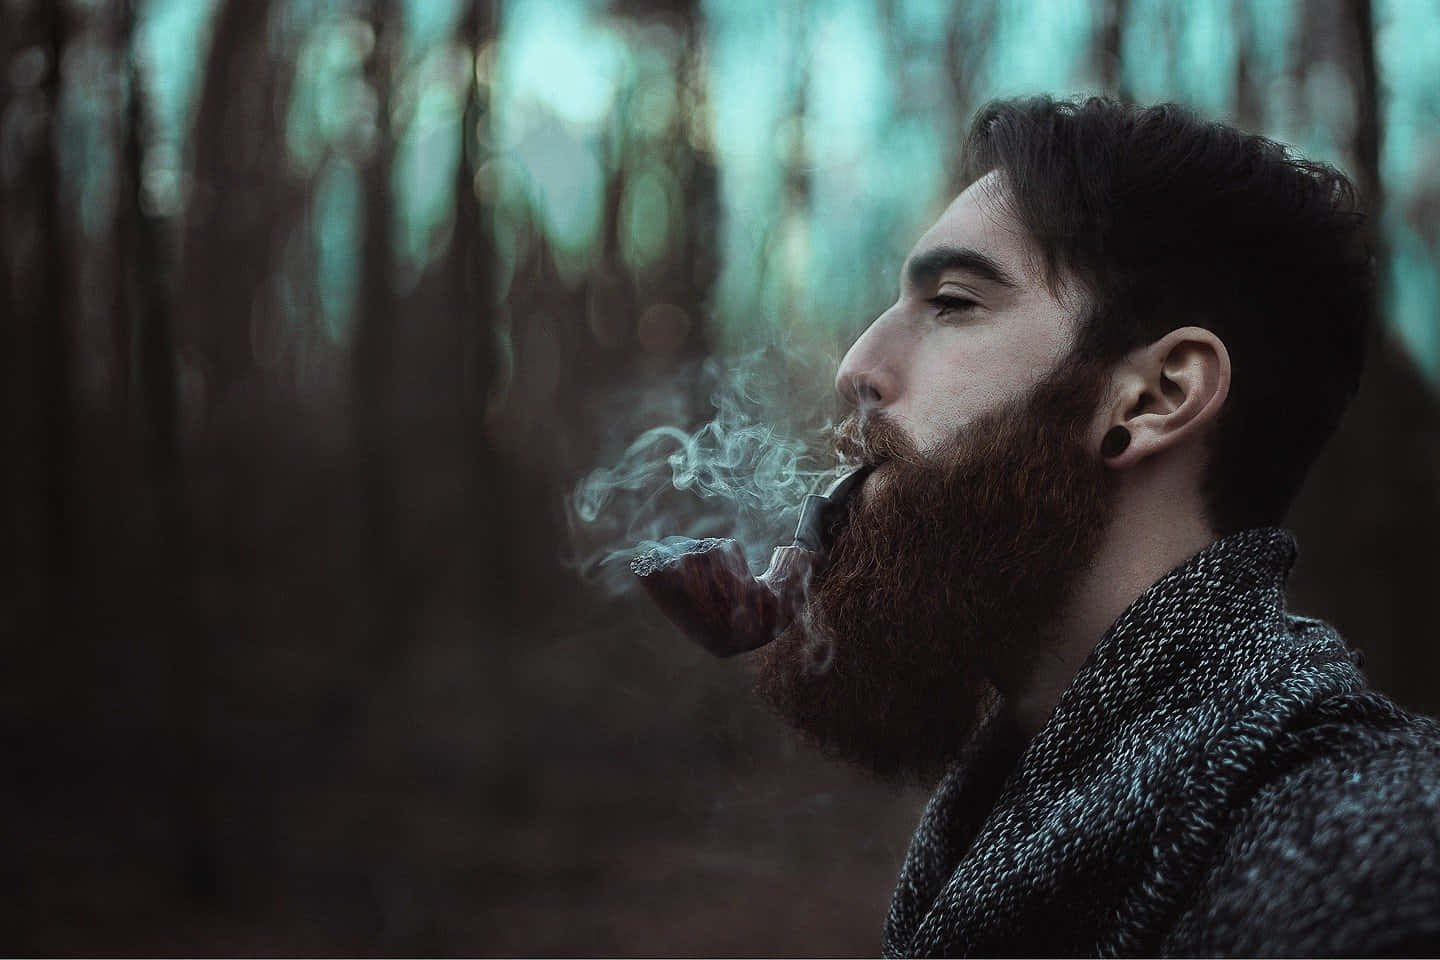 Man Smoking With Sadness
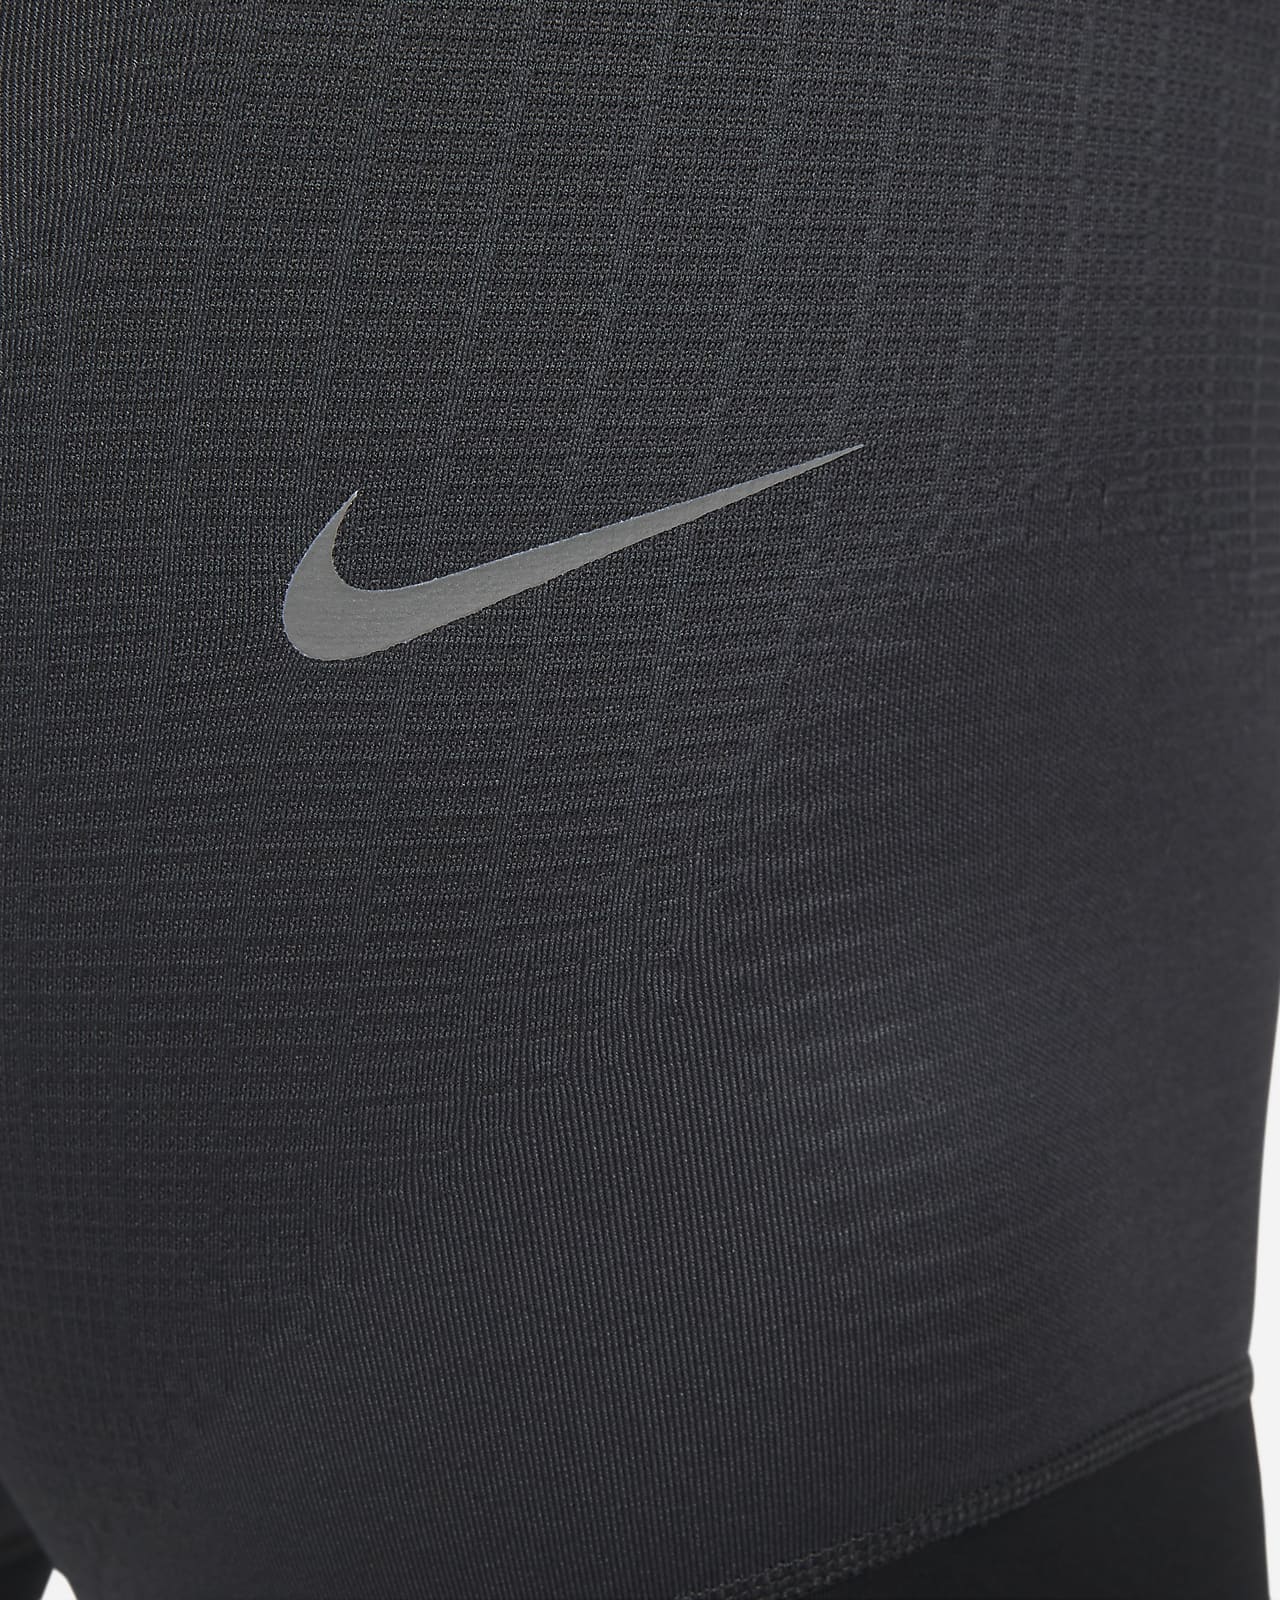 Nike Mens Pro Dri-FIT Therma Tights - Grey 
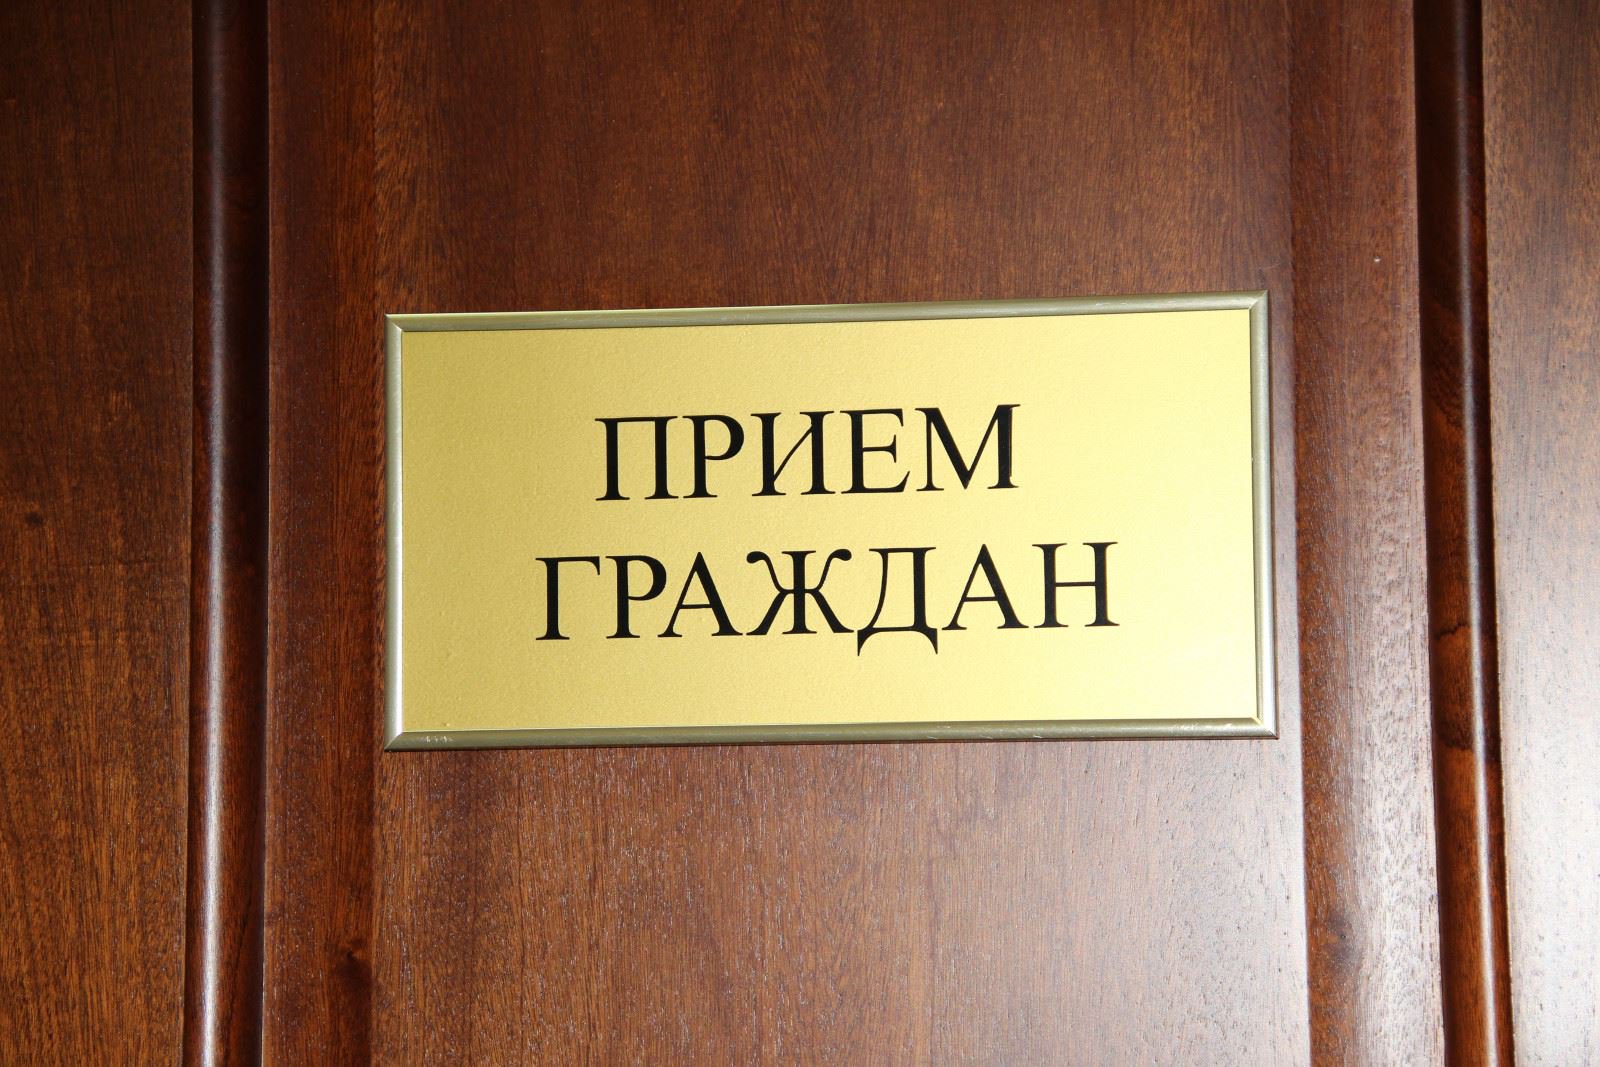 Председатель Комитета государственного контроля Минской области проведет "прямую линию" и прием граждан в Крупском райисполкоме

:::

# [Exercise brief]
What is needed is the full material, retyped unchanged, with no pictures in it.

# [Solution]
 Man Smoking With Sadness
 Nike Mens Pro Dri-FIT Therma Tights - Grey 
 Председатель Комитета государственного контроля Минской области проведет "прямую линию" и прием граждан в Крупском райисполкоме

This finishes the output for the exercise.